MICHAEL SLENSKE: Hello, how are you?
FLORENT MORELLET: Great, how are you?
SLENSKE: Great. So how's it been preparing for this show?
MORELLET: I did a dozen pieces. Most of them I did recently in the past couple of months. I mean I was working to the wire. I've been working every day and every night for the past week. In the book what Kaite chose are three pieces I did with lichen, you know the moss. I did a picture together with a graphic designer I've been working with for 20 years named Douglas Riccardi. He helped me work on the pictures digitally to isolate the light away from it's background and turn it into a nice image. I was seeing maps everywhere and lichen really looks like the map of an island, especially a volcanic island.
SLENSKE: Where did you find the lichen?
MORELLET: On rocks outside my house in New Jersey. Then I drew right on a print and then drew others on Mylar over the prints and framed the Mylar in a white background. (IMAGE: FLORENT MORELLET; LICHENSTEIN #3)
SLENSKE: These are almost deconstructed versions of nature. It looks topographical at first.
MORELLET: Yeah, and with maps it's almost what you want to look at. You can layer it or take some layers out.
SLENSKE: So how did you get involved with this project?
MORELLET: Katharine decided to do the book and when she approached mapmakers she learned about more mapmakers and one of the artists in the show told her about me.
SLENSKE: Had you ever been published before?
MORELLET: Well, I've had exhibitions since I was 20 years old in New York, Paris. You see, I don't like very much the art world because I was born and raised in it. My father, Francois Morellet, is one of the most famous French artists.
SLENSKE: So it was daunting to come up in his shadow?
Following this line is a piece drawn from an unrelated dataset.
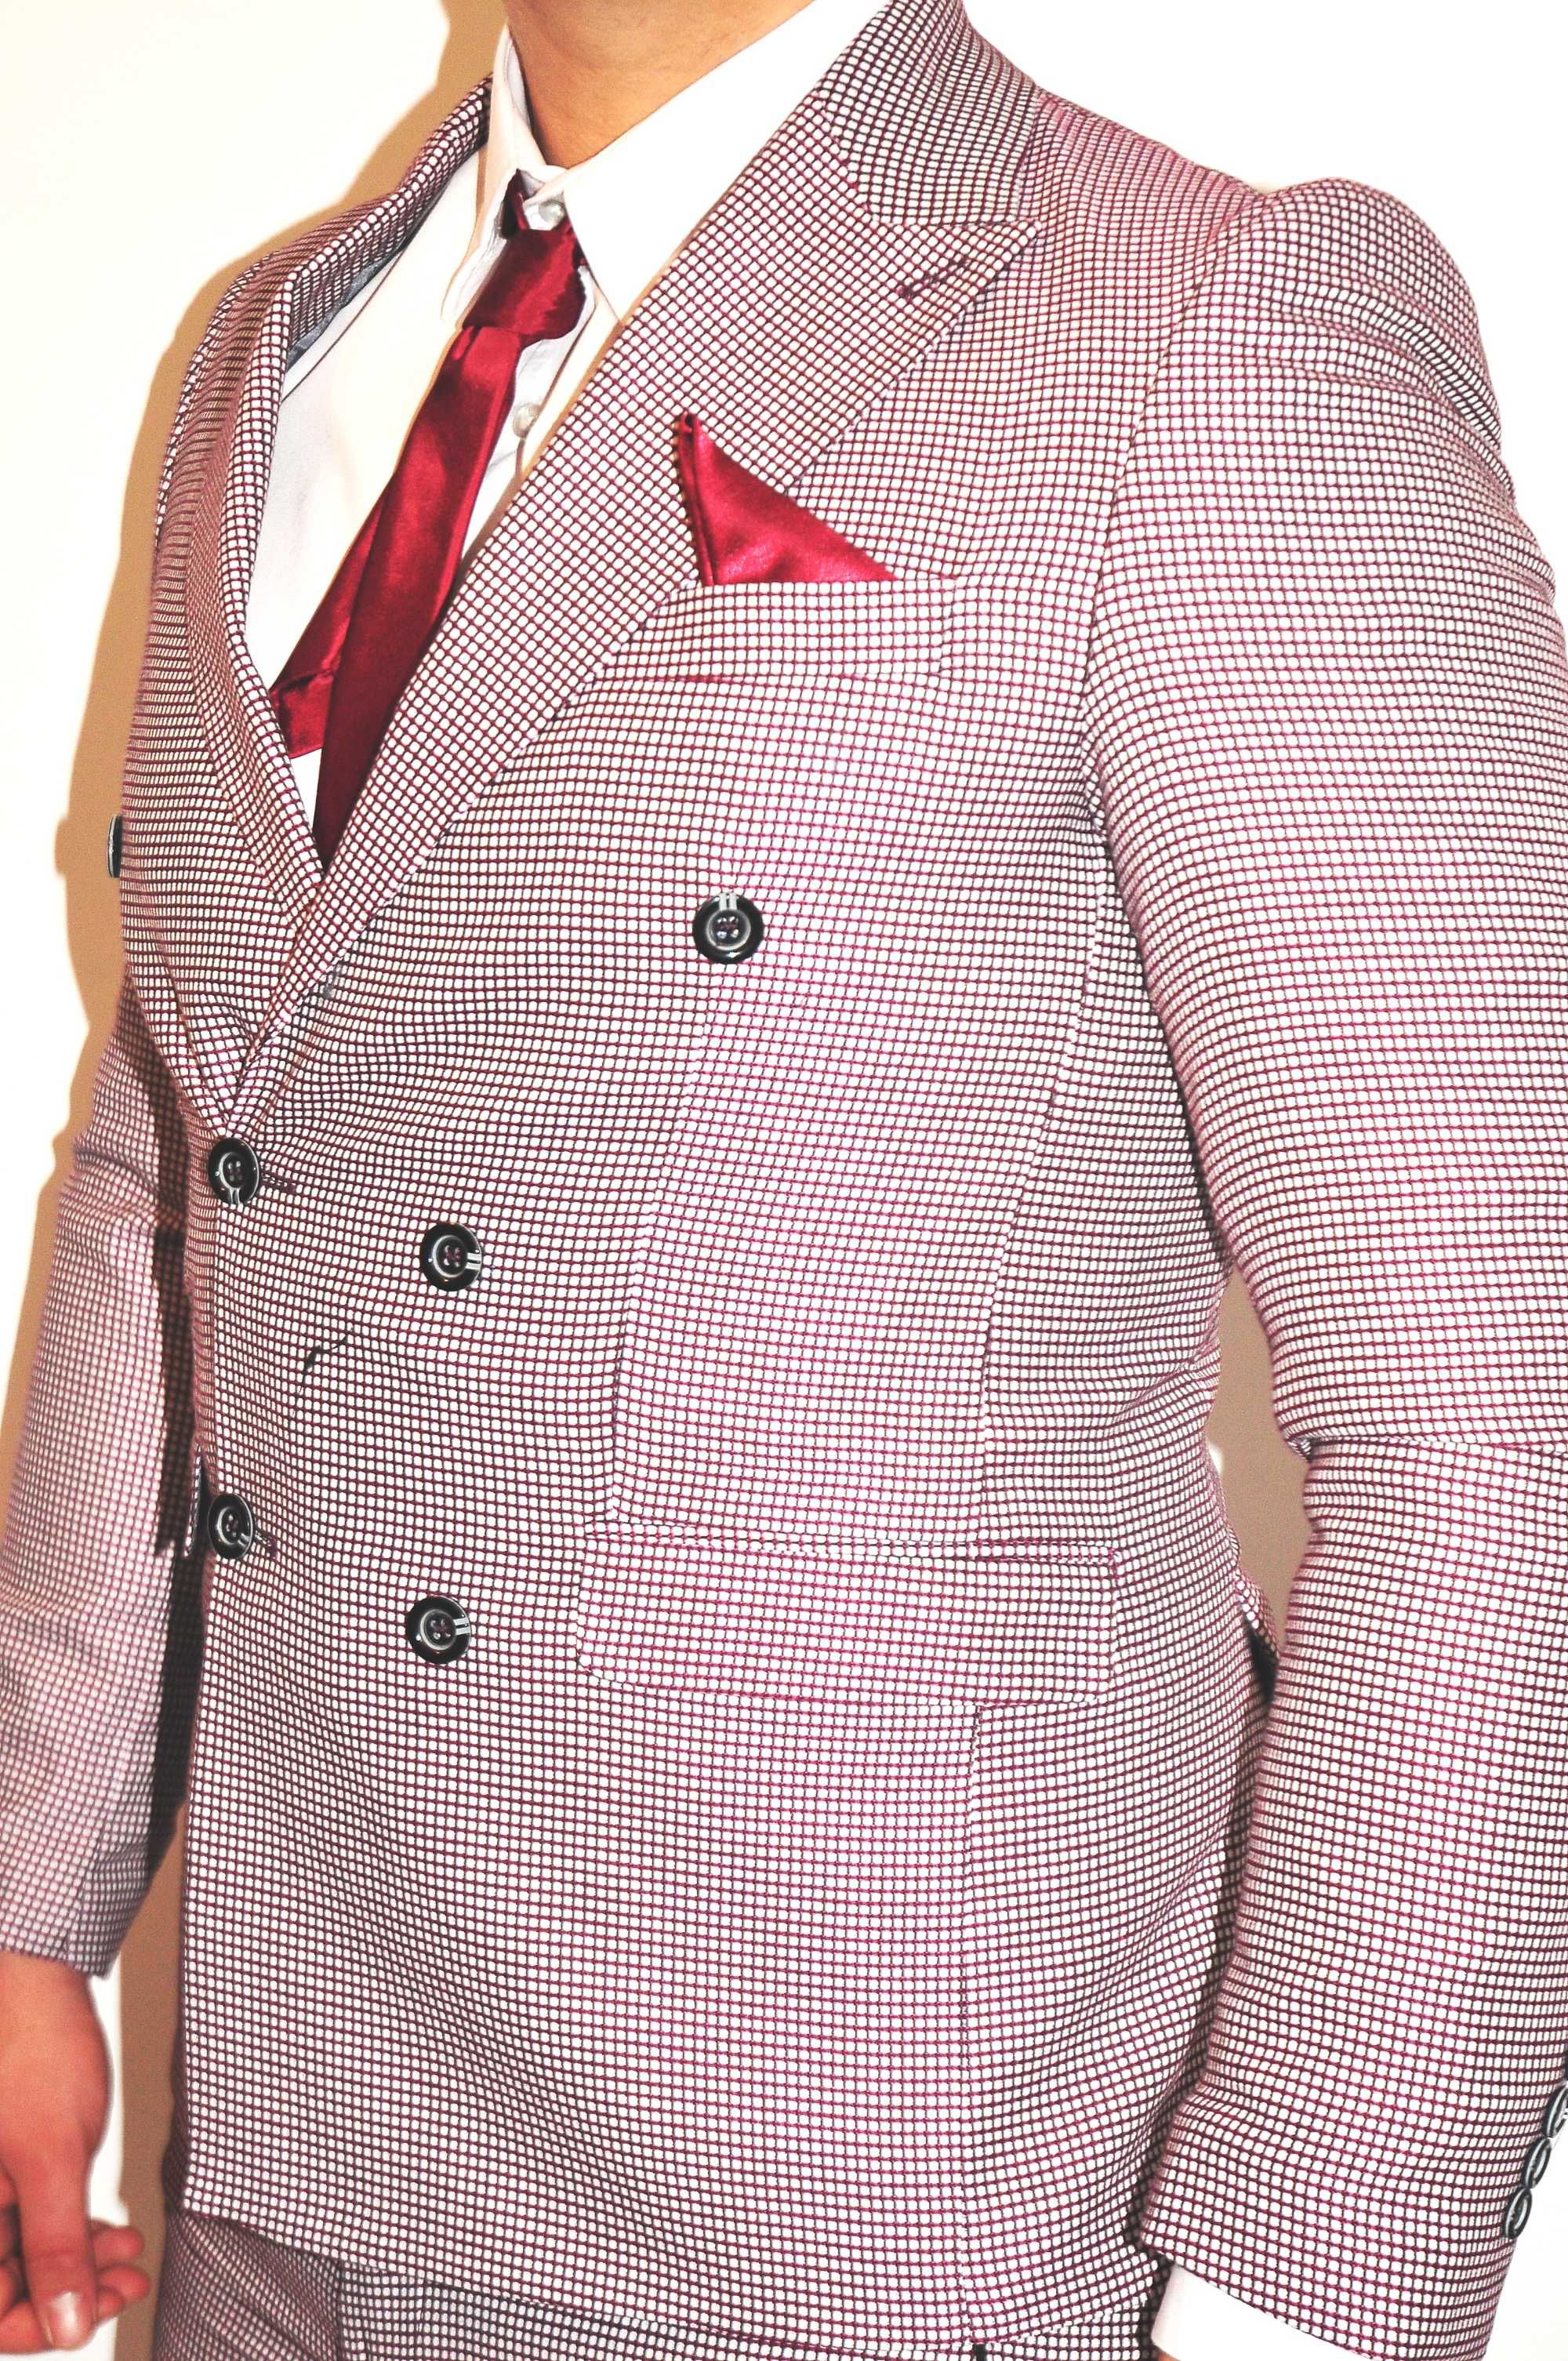 Costum carouri rosu model inchidere dubla ideal pentru evenimente

MORELLET: It's not daunting, I just don't like it. I mean, I do it for my father but galleries wanted to take him because his work was controversial here. He was an abstract minimalist and his work predates Sol Lewitt and Frank Stella and it just disturbed the order of things. He had a museum retrospective at the Brooklyn Museum in 1985 and it was completely ignored. He has pieces in the MoMA, but there was a show at the MoMA ten years ago with nothing of his in the show but they had pieces of his all over the walls upstairs. So I'm fine doing it for him, but I don't like Chelsea, I don't like SoHo, what it was. But I like this guy Christopher Henry. I met him through someone who was working at the Lichtenstein Foundation and I've been in a dozen shows and every time people have approached me. Many times in Europe they learn about my work through my parents. I was doing maps since I was 10 years old, and when my parents found out they said, "Oh, you are an artist." I was like, "No." And they said, "No, you are an artist." And because of that I continued doing art. When most parents would say, "Stop doing this, do your homework," my parents kept pushing me. When I finished high school at 18 my parents said, "How about studying urban planning?" Which I did. I dropped out but I got even more passionate about cities and I create my own cities as you can see. Also, I intervene with maps and go crazy.
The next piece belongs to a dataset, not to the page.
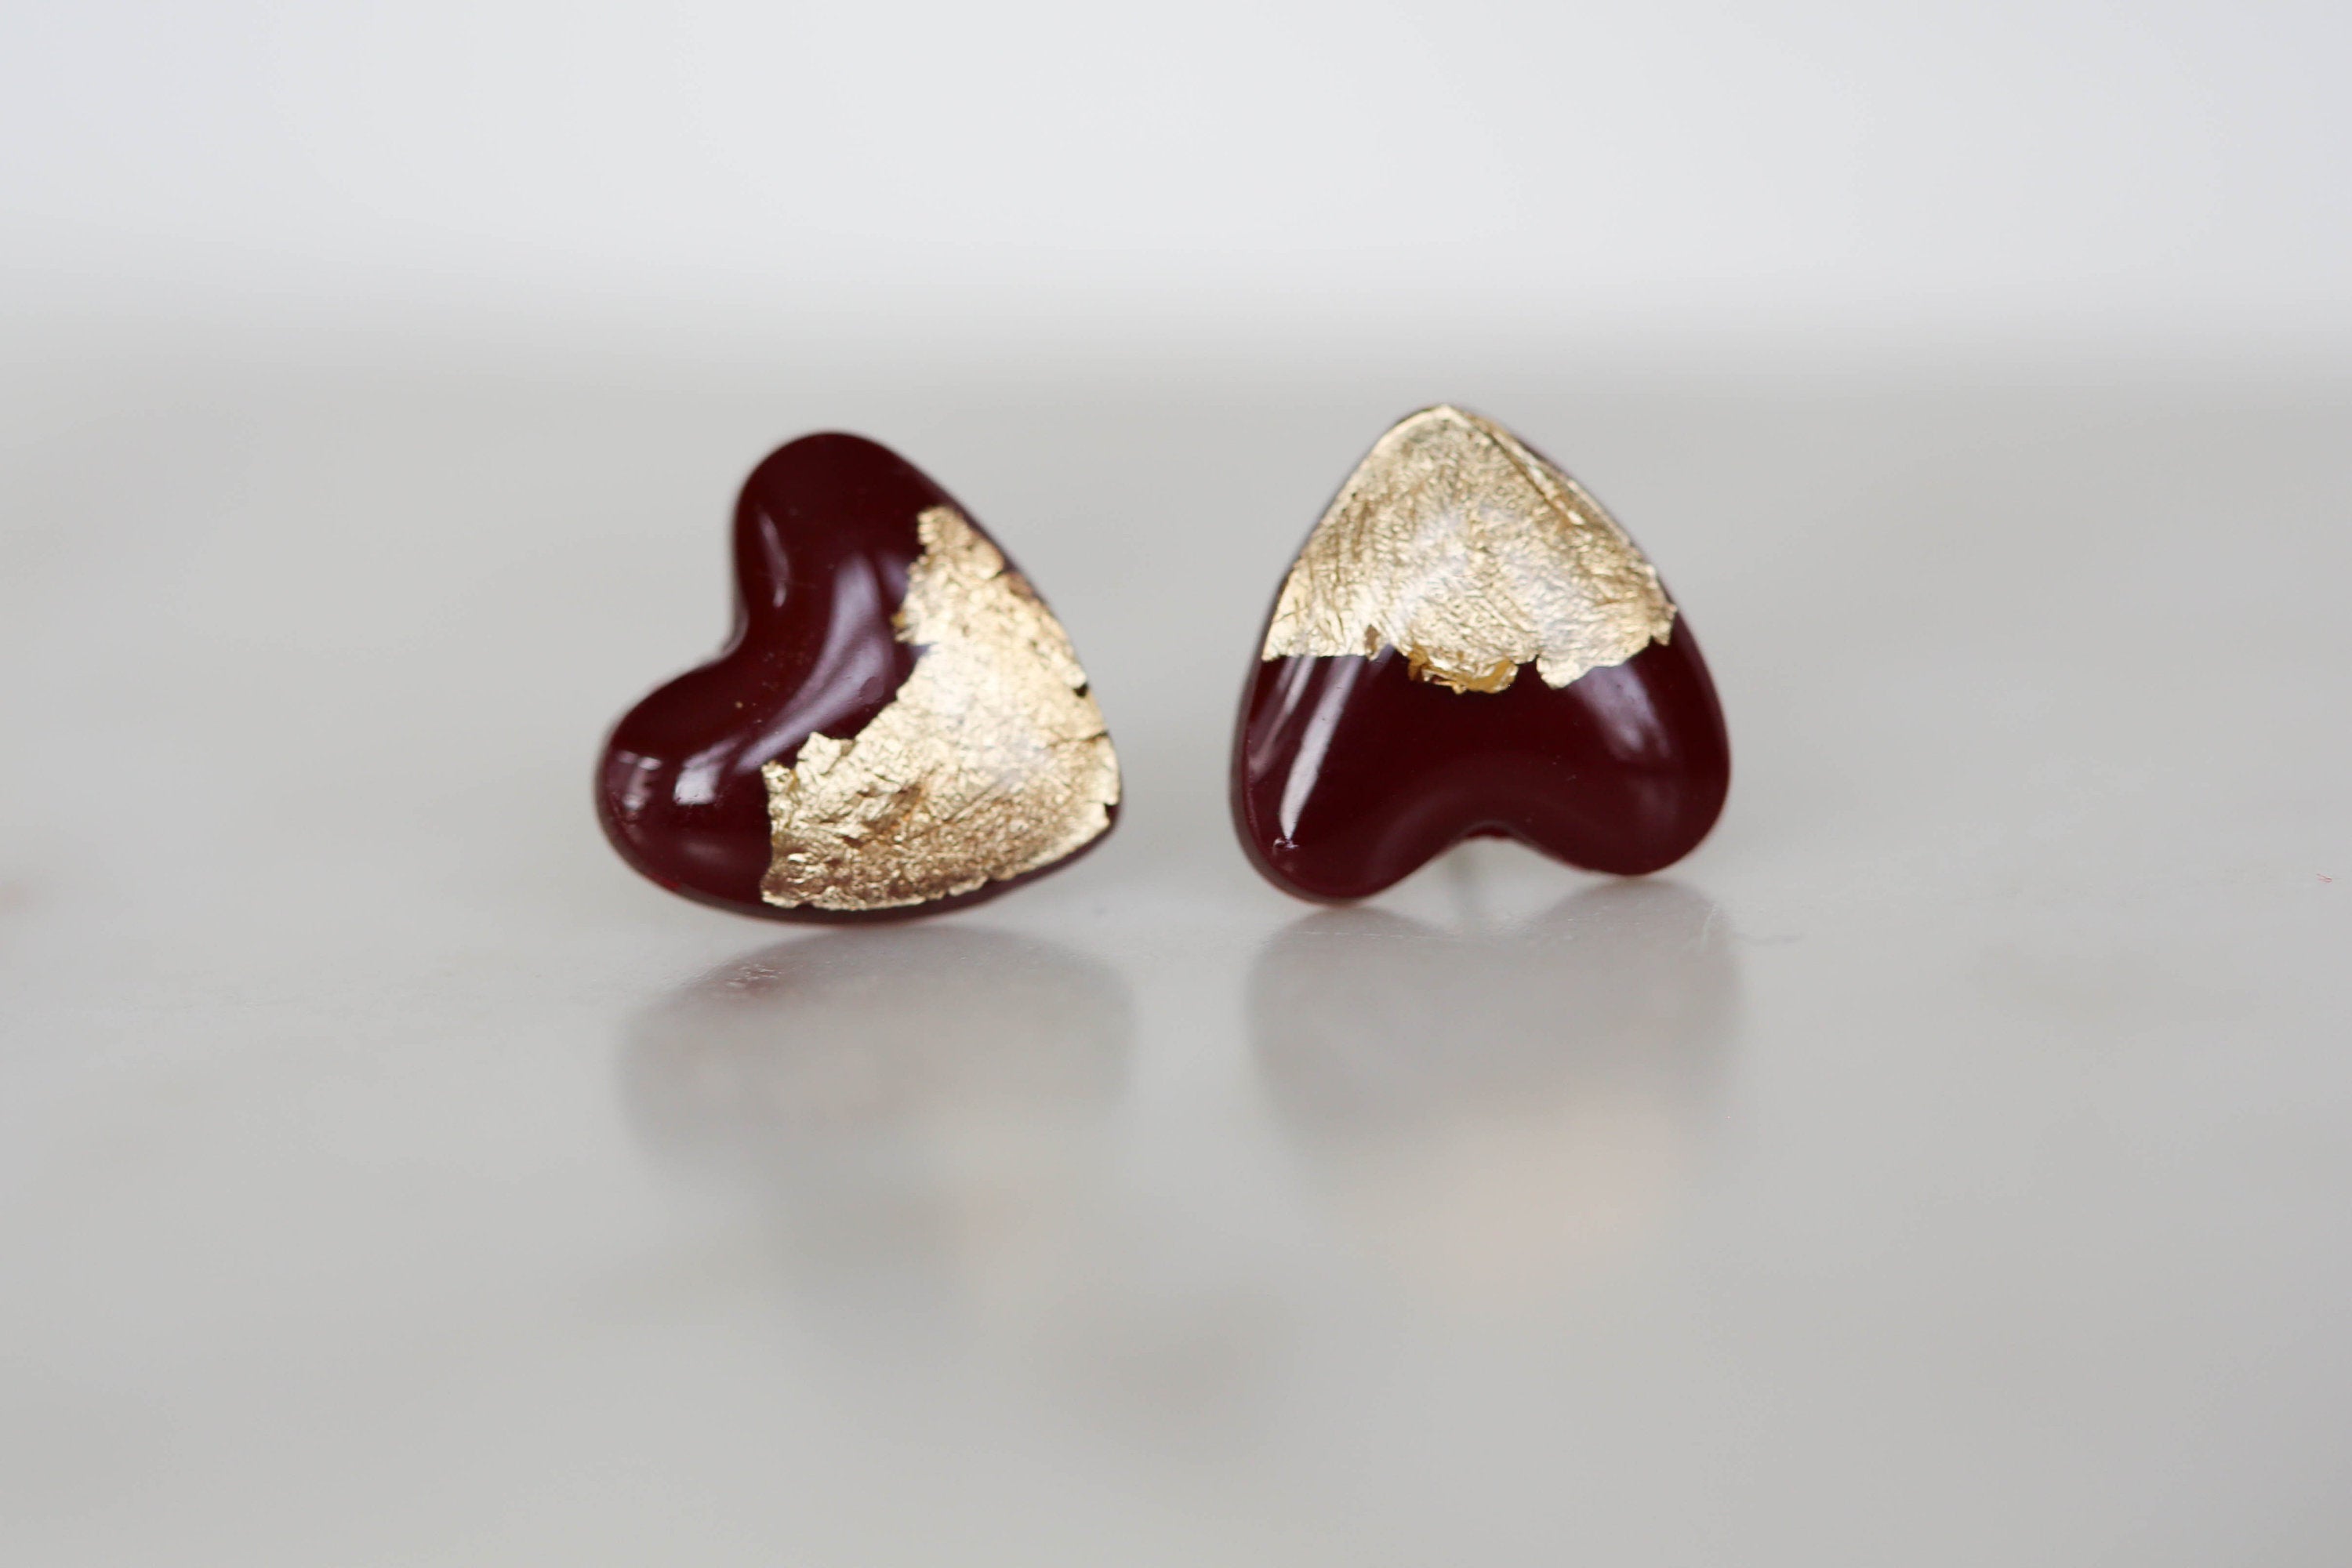 Burgundy heart stud earrings freeshipping - Ollijewelry

SLENSKE: All the pieces you're doing now new?
MORELLET: Yes. I did some new lichens, because I thought, "Let's expand." I also took pictures of the beach at low tide in Cape Cod and it looks like Jurassic mountains ridges, like the Appalachians or the Girard Mountains in France or a little bit like the desert in the Sahara. I also did a series of "Lichensteins." And the reason for that is that when Roy Lichtenstein died–he and his wife and his assistant came to lunch every weekday for a decade at the restaurant. They worked five blocks away and it was their cantina, so when he died I decided to blow up a Michelin map of Liechtenstein and frame it and put it right across from where he sat on the wall. It was a very discreet memorial to Roy and people in the know knew about it and eventually it became part of Restaurant Florent's lore. But before closing the restaurant last year I did an auction on eBay of the real maps on the walls of the restaurant and the money was raised for my staff as a parting bonus for them and we raised $55,000 but a big chunk of that was from Dorothy Lichtenstein, Roy's widow. She said she wanted to buy that piece and when I told her where the money was going she bought it for $25,000.
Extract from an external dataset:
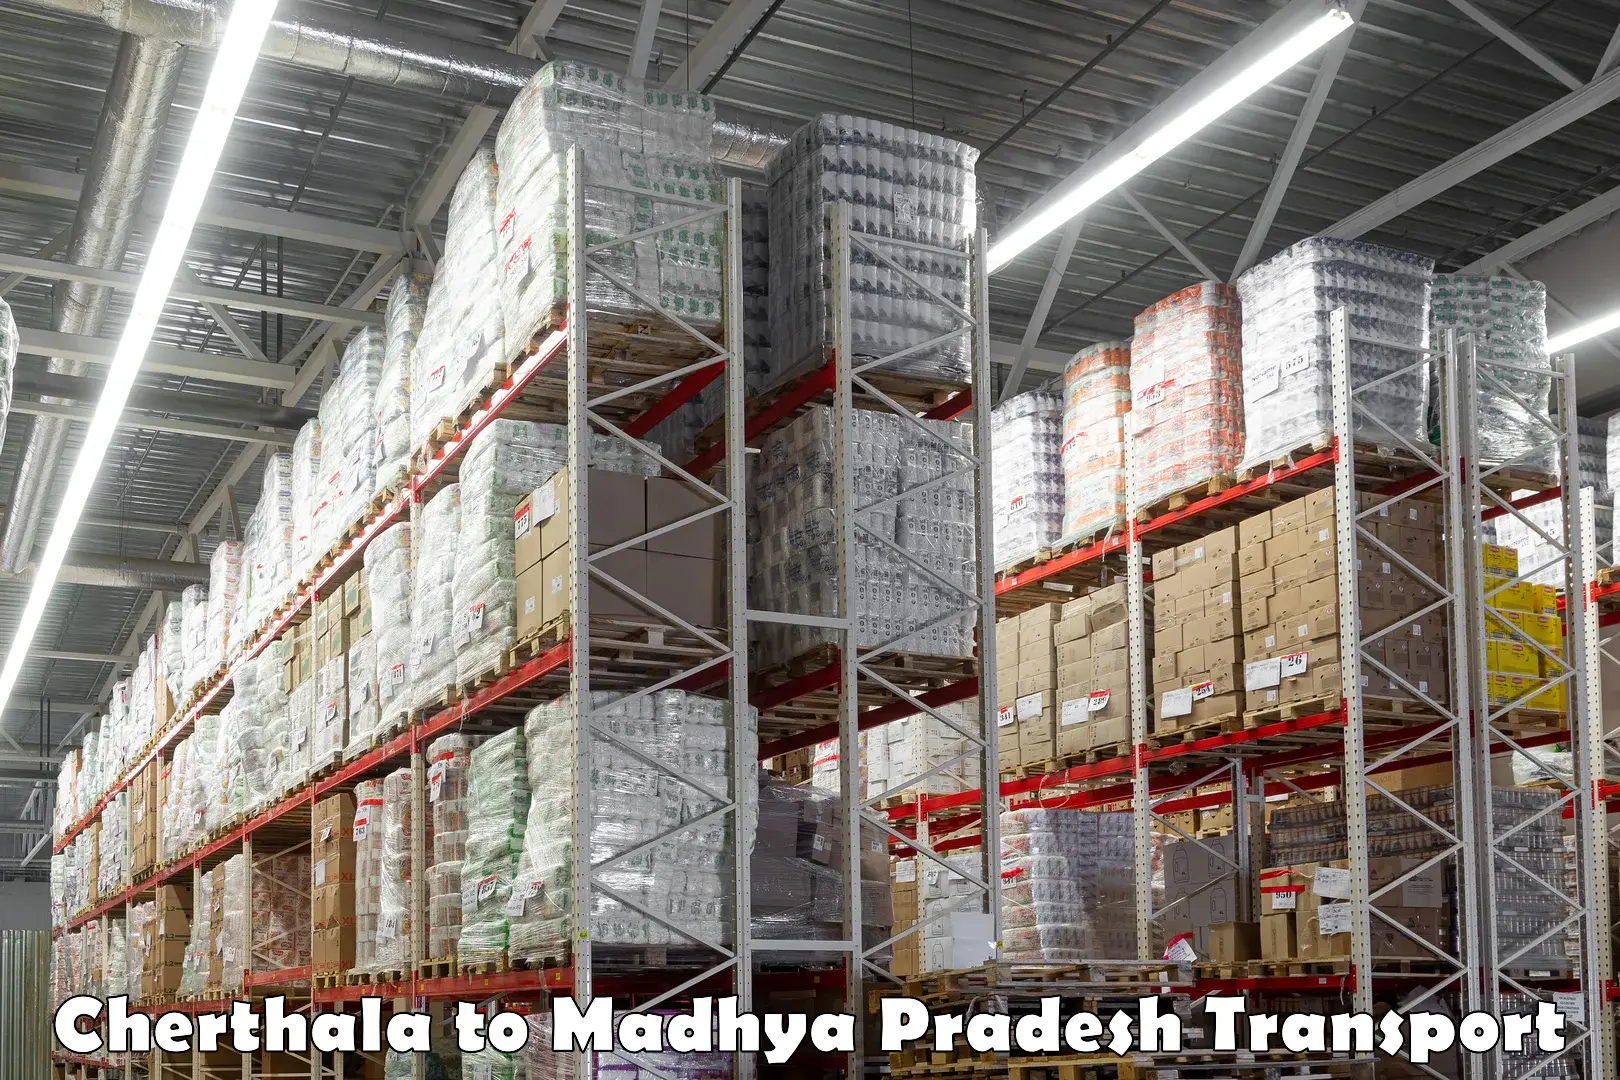 Land transport services in Cherthala to Madhya Pradesh

SLENSKE: And you didn't make that map?
MORELLET: No, it was just a blown up map in a frame. So I decided right away that I would do a piece for her as a gift. It became a piece that took days and when I finished I decided to do a second one for myself and then I decided I'll do a series. By that time the show was decided and so there are four Liechtensteins and three, what I call, Lichensteins and Dorothy is coming early and she will choose which one she wants.
SLENSKE: So why maps?
MORELLET: It's cities, especially. There's something fantastic about cities. They outlive us. We die but they are organic and they live forever. They're a little bit like coral reefs–they extend and they shrink. When you look at Rome, how fantastic it is that it had a million and a half people during the height of the Roman empire then it went down to 15,000 people, a lot of them living inside the Colosseum, which was a quarry. In the suburbs it now has 4 million people. When you look the city goes up the hills and around the valleys and it looks like an organic life. The smaller streets feed into the bigger arteries and you talk about the heart of the city and and the arteries feed into the heart. You can make them look, with maps, like life. And they are.
I can tell you by looking at a map where the rich are, where the poor are, where the wind comes from. It just says so much about the people.
SLENSKE: That's pretty fascinating.
MORELLET: Years ago before I'd ever been to Tokyo I was talking to a Japanese woman on a plane flight and I was talking to her about Tokyo and she said, "How many times have you been to Tokyo?" And I said, "Never." She was baffled. I fall asleep looking at maps of cities.
SLENSKE: So is mapmaking your new thing? You talked about maybe going back to do another restaurant.
MORELLET: I've been in talks with people about doing a restaurant and you know what, I came to realize I didn't want to do a restaurant at the moment. Maybe I will change my mind, but I've been in restaurants for 35 years and I've done it. I'd like to do something different. At the moment I'd really like to do a hotel. Maybe here, maybe somewhere else, I don't know. We'll see.
The Map as Art opens tonight through January 10 at Christopher Henry Gallery, 127 Elizabeth Street, NYC; The Map as Art: Contemporary Artists Explore Cartography available today through Princeton Architectural Press.